Here, since the opening of the communication pipe 5 and the opening of the communication pipe 6 are provided so as to face each other, the air entrained with water that has passed through the communication pipes 5 and 6 has a bottomed cylindrical body. Water and air are agitated by violent collision at the bottom of 1a.

A large number of bubbles are generated by this agitation, and an air mass containing water is formed. As a result, oxygen is taken into deep water in a low oxygen state, and the amount of dissolved oxygen increases.

The air lump entrained with the water thus stirred rises like a shell in the bottomed cylindrical body 1a (and the cylindrical body 1b). The water in the bottom cylinder 1a is pushed up, and the water is sucked in through the opening in the lower part of the air chamber.

The rising speed of the air mass can be controlled by adjusting the opening ratio by the baffle plate 17.

As described above, the air mass rapidly rises due to the buoyancy, so that the water rapidly rises following it.

When the air in the air chamber 2 is exhausted in this way, the air chamber 2 is filled with water again, and the same pressurized air as described above is accumulated.

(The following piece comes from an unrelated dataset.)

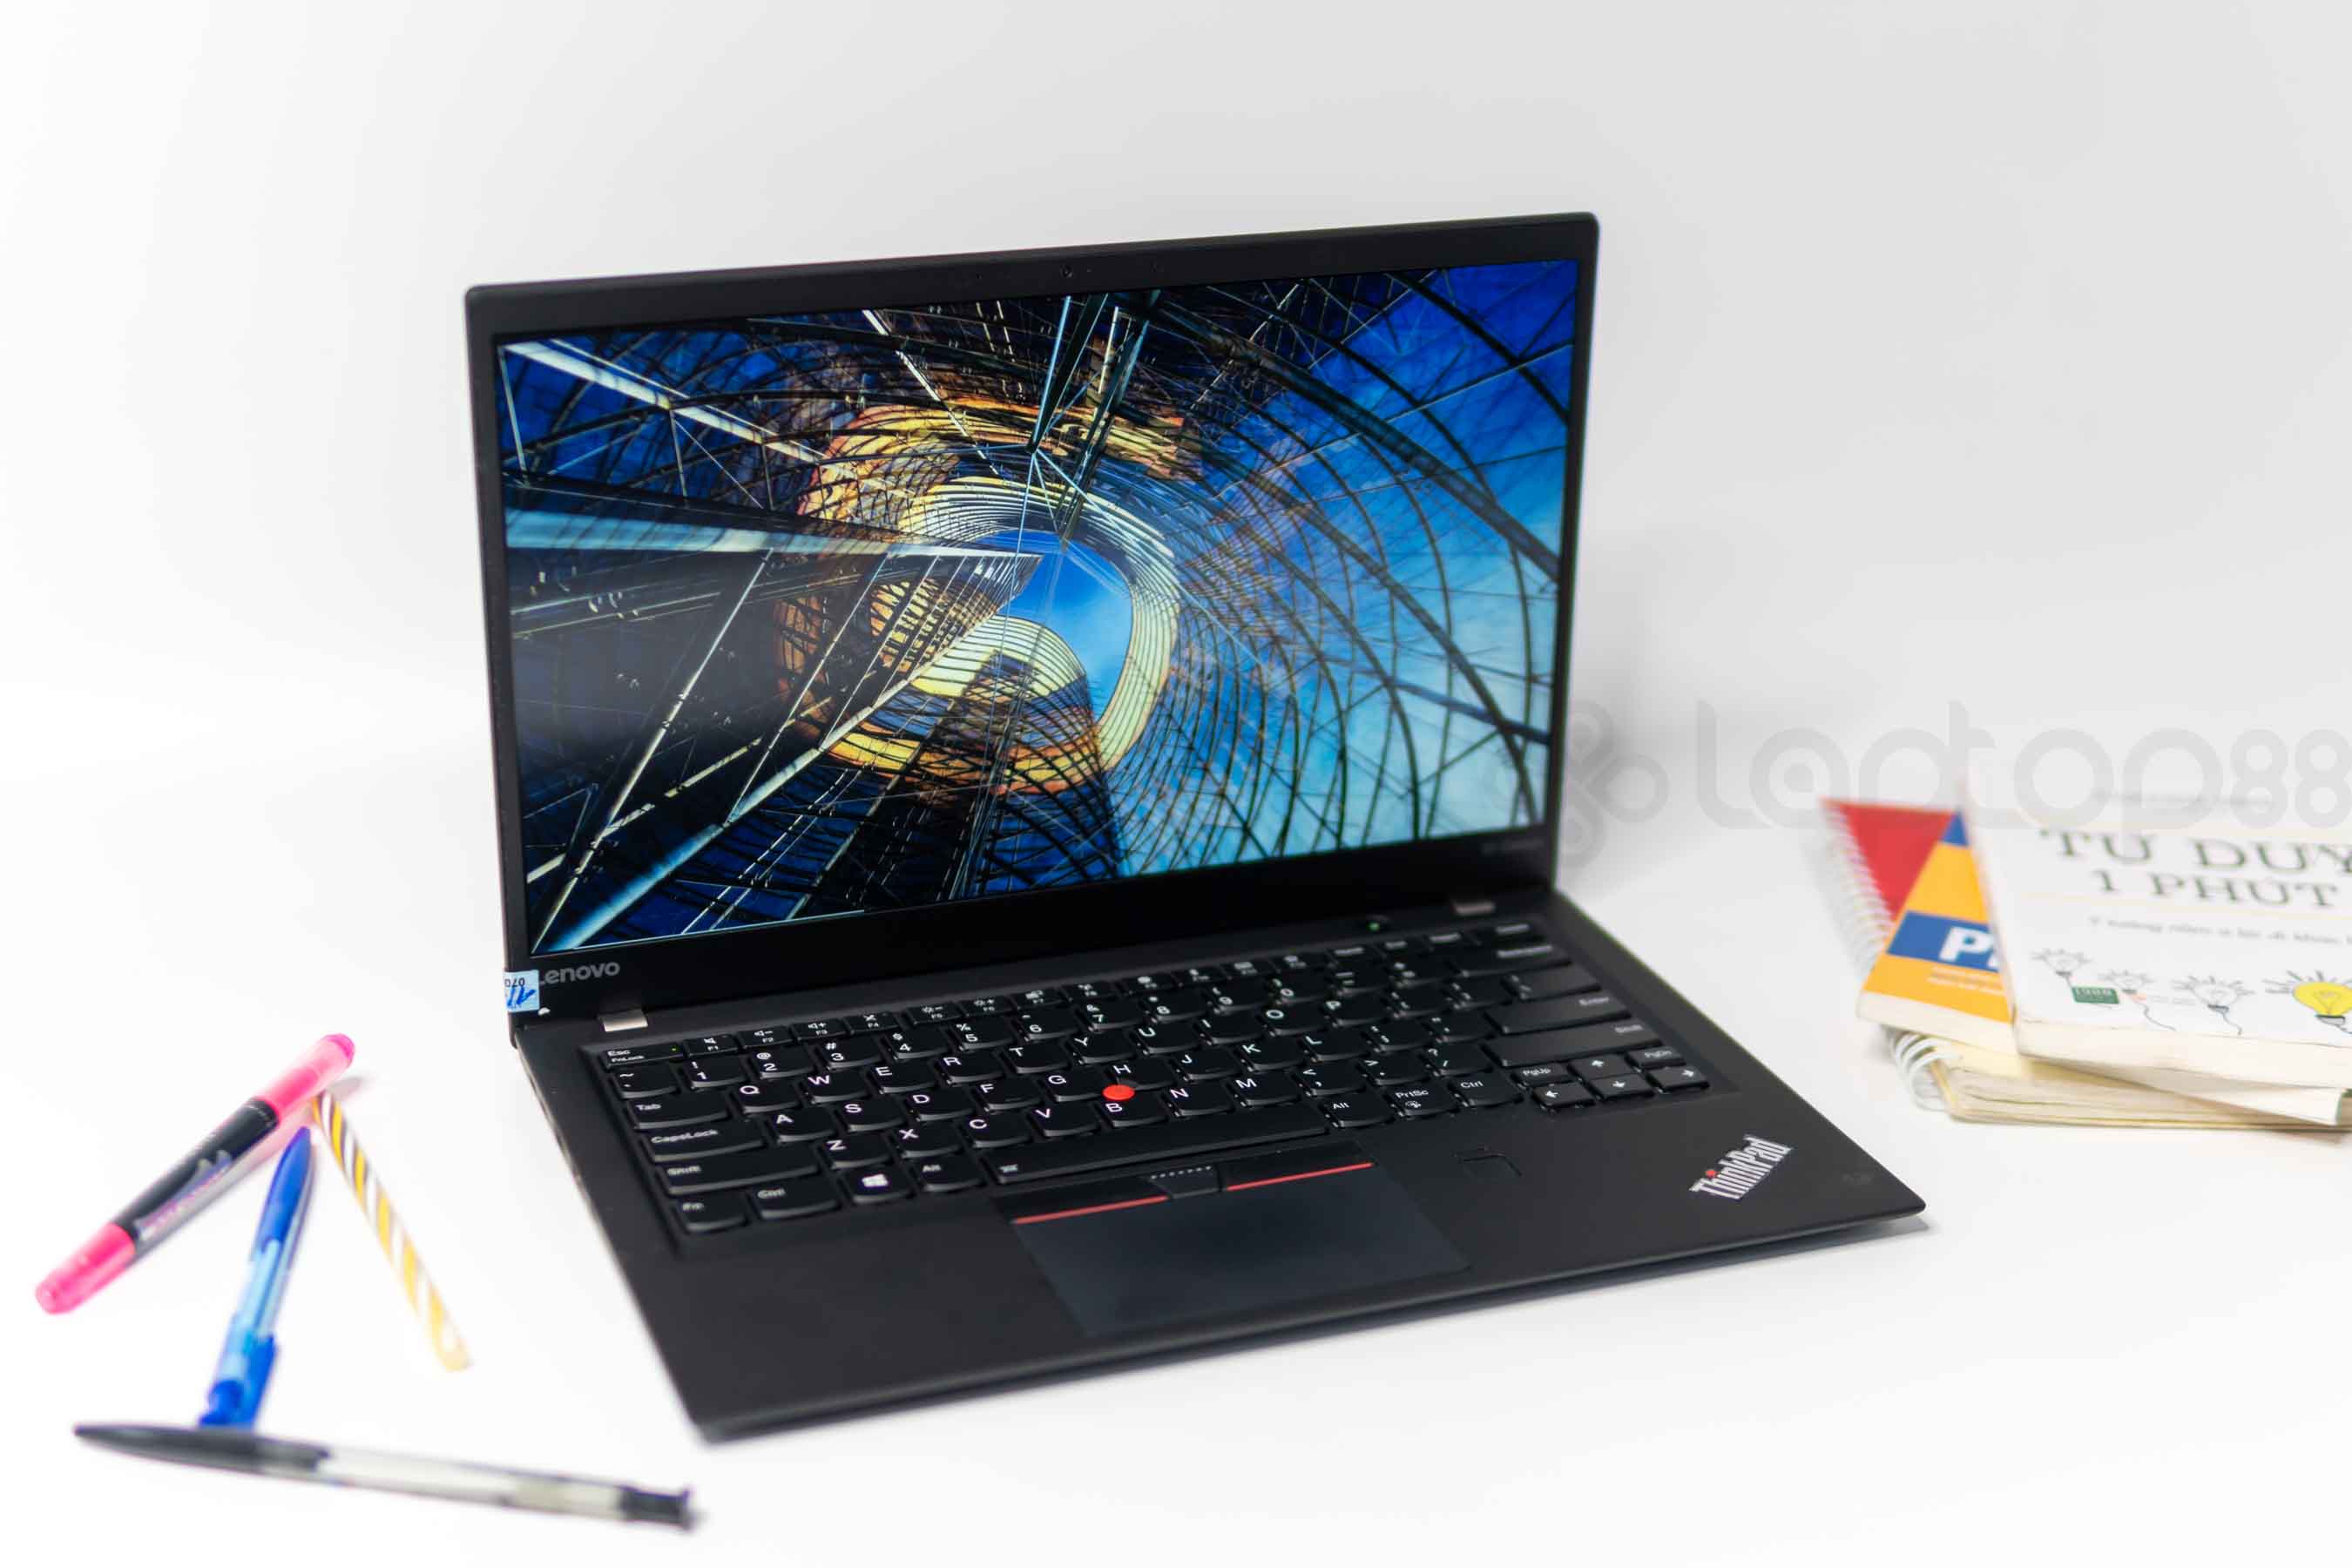 Laptop Cũ Lenovo Thinkpad X1 Carbon Gen 5 - Intel Core i5

In this manner, as a result of the air in the air chamber 2 being intermittently blown out, the water sucked from the suction port formed in the lower part of the air chamber 2 also rises intermittently, and the bottomed cylindrical body 1a (and the cylinder 1a It is released to the upper end via the body 1b).

The pumping interval is controlled according to the inflow velocity of air into the air chamber 2, and is, for example, 10 to 15 seconds.

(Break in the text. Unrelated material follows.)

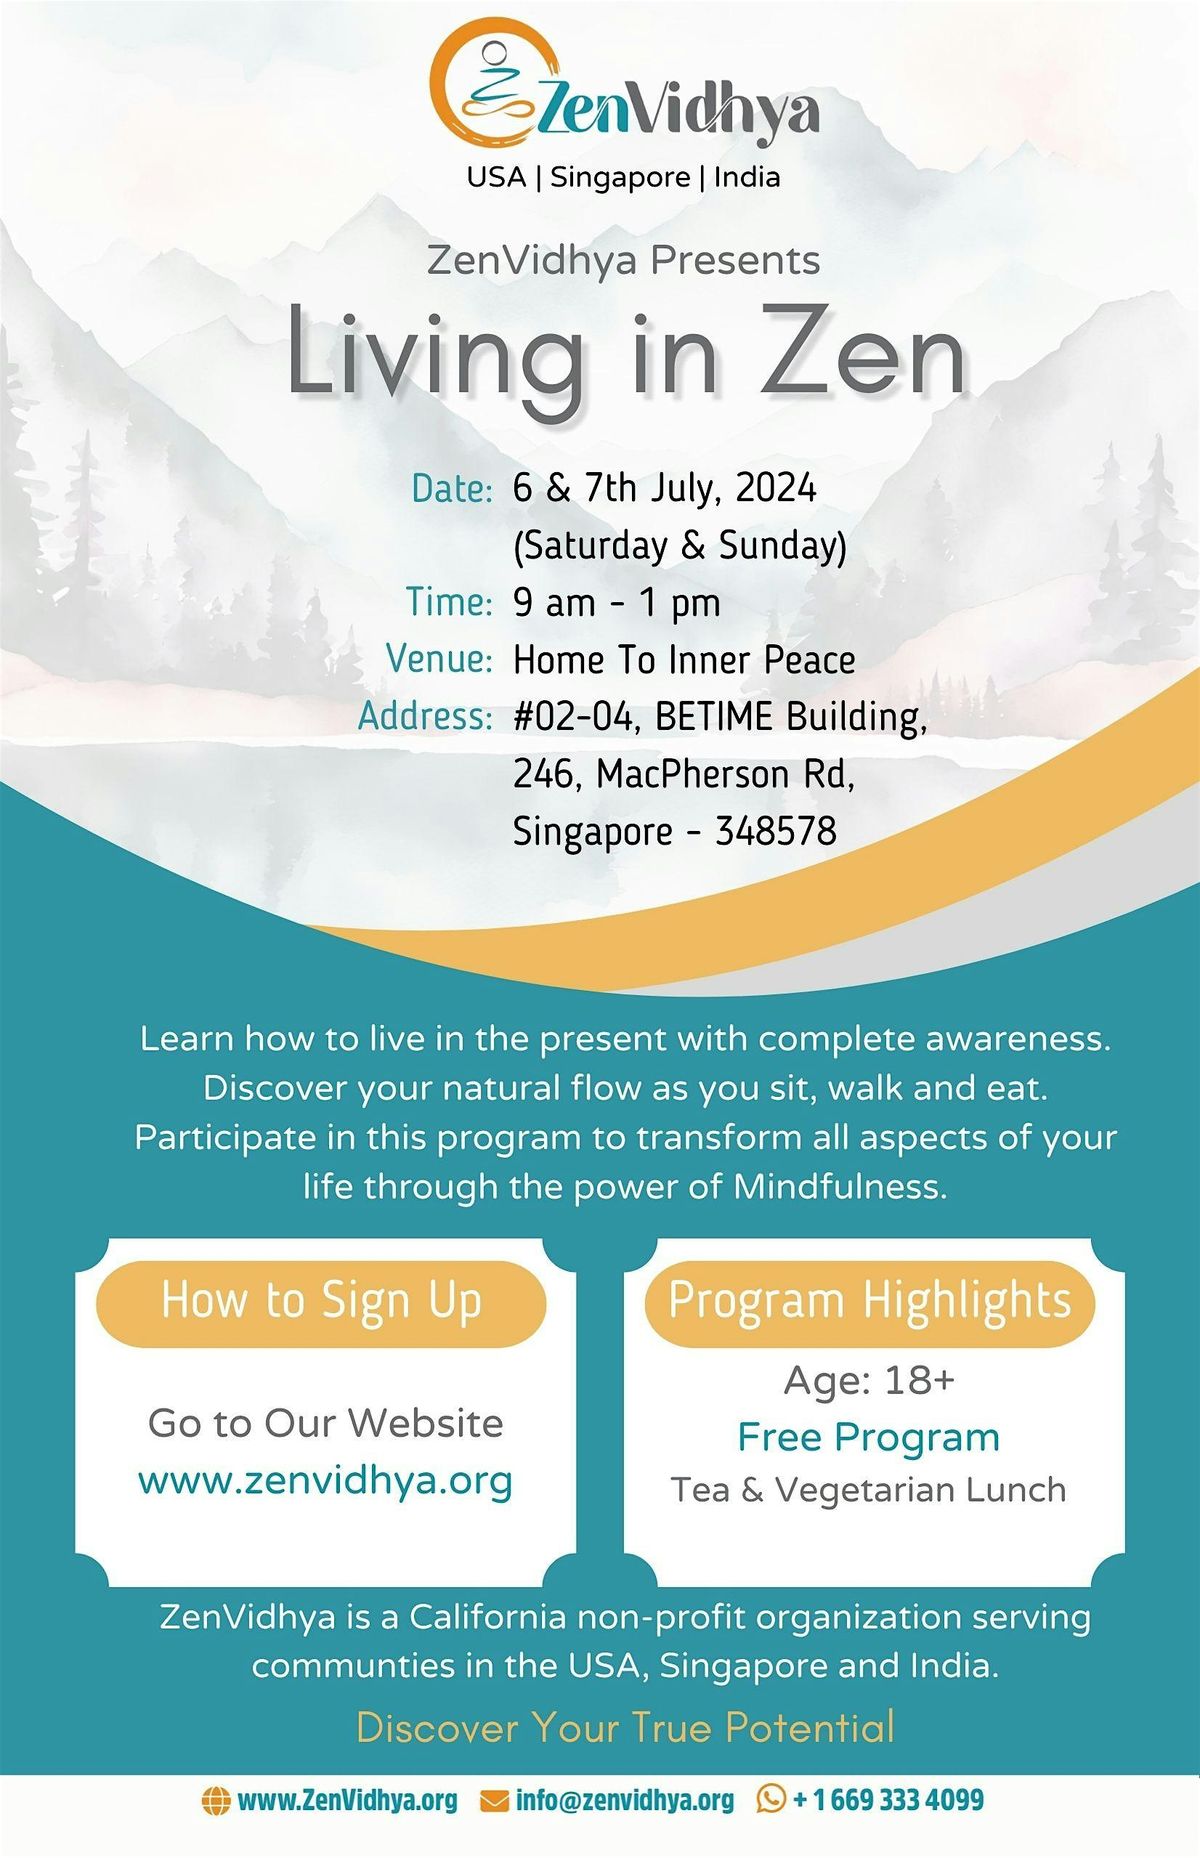 LIVING IN ZEN - 2 Days Mindfulness Retreat Program In Singapore

As described above, according to this embodiment, the air lump entrained with water is made to collide with the bottomed cylindrical body 1a, and the amount of water taken in is adjustable, so that a special stirring means is used. Air and water are sufficiently agitated without provision. As a result, oxygen is taken into deep water in a low oxygen state, and the amount of dissolved oxygen is increased.

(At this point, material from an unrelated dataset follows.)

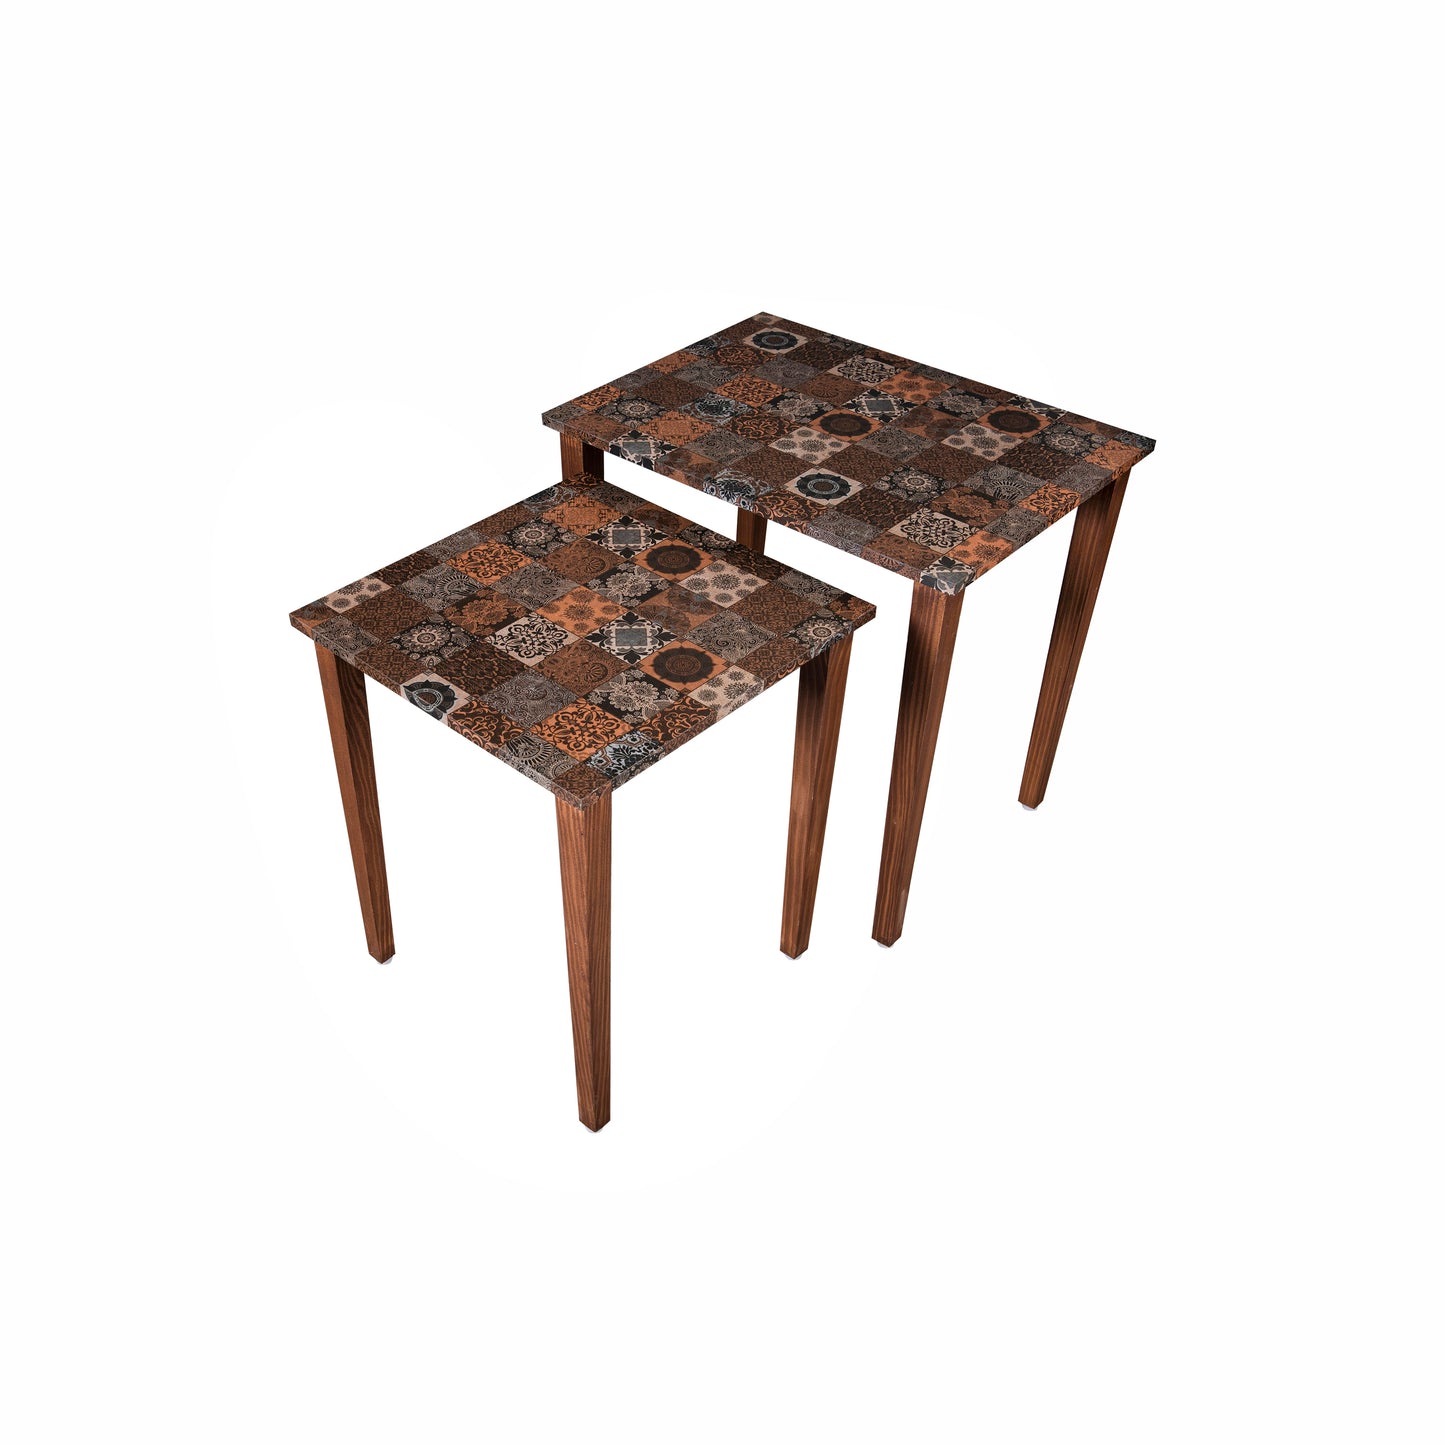 A Tiny Mistake Iznik Wooden Rectangle Nesting Tables (Set of 2), Living Room Decor

In the above-described embodiment, two communication pipes 5 and 6 are provided as the cylindrical body for guiding the air entrained with water, but the number is arbitrary as long as it is two or more. The point is that the number of air masses containing water can be collided.

[0045]

[Effect of device]

 As described above in detail, according to the present invention, the deep water capable of adjusting the water amount with a simple structure and the air are efficiently stirred while being pumped to dissolve the deep water discharged from the upper part of the tubular body. It is possible to provide a pump bottle that can contain oxygen in abundance.

[Brief description of drawings]

FIG. 1 is a vertical side view showing an embodiment of the structure of a pumping cylinder according to the present invention.

FIG. 2 is a plan view taken along the line AA of FIG.

FIG. 3 is a bottom view shown by the arrow BB in FIG.

4 is a plan view showing an example of an aperture ratio adjusting plate attached to the bottom surface of FIG. 1. FIG.

[Explanation of symbols]

 1a Bottomed cylindrical body 1b Cylindrical body 1c Bottomed cylindrical body 2 Air chamber 3,4 Flange 5,6 Communication pipe 8 Air supply pipe 9 Air supply hose 10 Conical flange 11,12,13,15 Cylindrical body 7,14,16 Partition plate 17 Baffle plate 18 Opening 20 Opening ratio adjusting plate

Claims (2)

[Scope of utility model registration request] 1. Compressed air is sent into an air chamber, and when the air chamber is filled with a predetermined amount of air, the compressed air is blown out intermittently through a cylindrical body, and the air filled in the air chamber and the air chamber. A pumping cylinder having at least two communication pipes for guiding water in the vicinity into the cylinder, and the water intake portion on the bottom surface of the pumping cylinder, wherein A pumping cylinder whose opening ratio can be adjusted according to the installation environment. 2. The water pump according to claim 1, wherein the opening ratio of the water intake portion on the bottom of the water pump is adjustable in the range of 10% to 90%.